# Question - Gifts for Navy Personell



## CobaltMcD (29 Nov 2012)

Hello,

I hope this is the right place, I am doing a secret santa and was paired with a young man in the Navy. I was wondering if you guys and gals here had any suggestions on gifts that I could send him to show my appreciation for his service to our country.

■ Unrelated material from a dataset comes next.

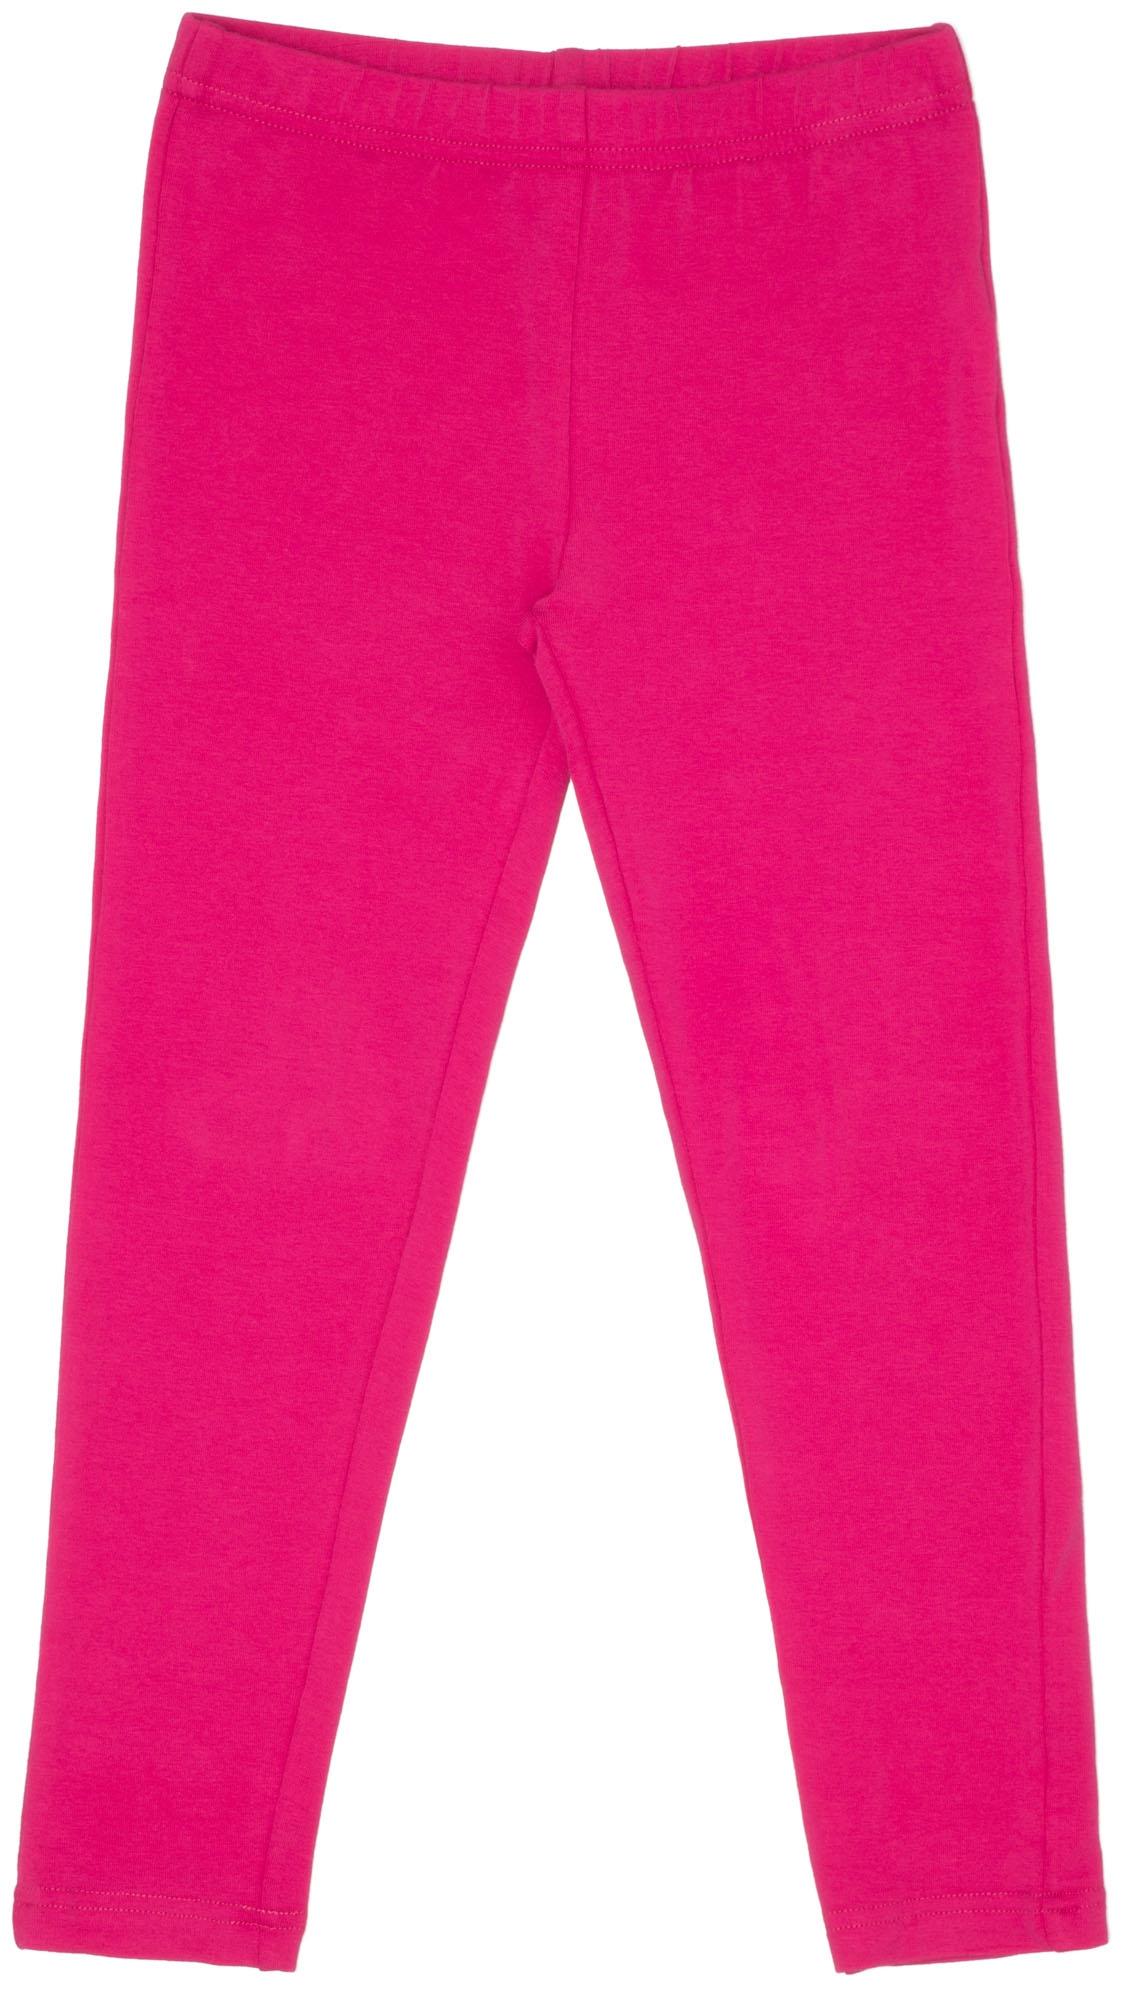 Брюки и леггинсы Barkito Леггинсы для девочки Спорт Barkito фуксия брюки джинсы и штанишки coccodrillo леггинсы для девочки basic girl звезды

Maybe something that he can use on long tour's or anything. Basically was there anything you really wished you had on your tour's of duty.

Thanks,


----------



## Occam (29 Nov 2012)




----------



## Eye In The Sky (29 Nov 2012)

Even the scent of my suggestion seems appropriate.  ;D


----------



## Halifax Tar (29 Nov 2012)

Rum,  some money for sodomy and a good lashing afterwords.

Just kidding... 

In all seriousness a good book or TV season on DVD is always much appreciated.  Or if you know what candy bar or chips the sailor likes that may be good to, as the ship's canteen may not have that brand.


----------



## Occam (29 Nov 2012)

Chips are so unhealthy.  Now cake, on the other hand...everyone likes cake.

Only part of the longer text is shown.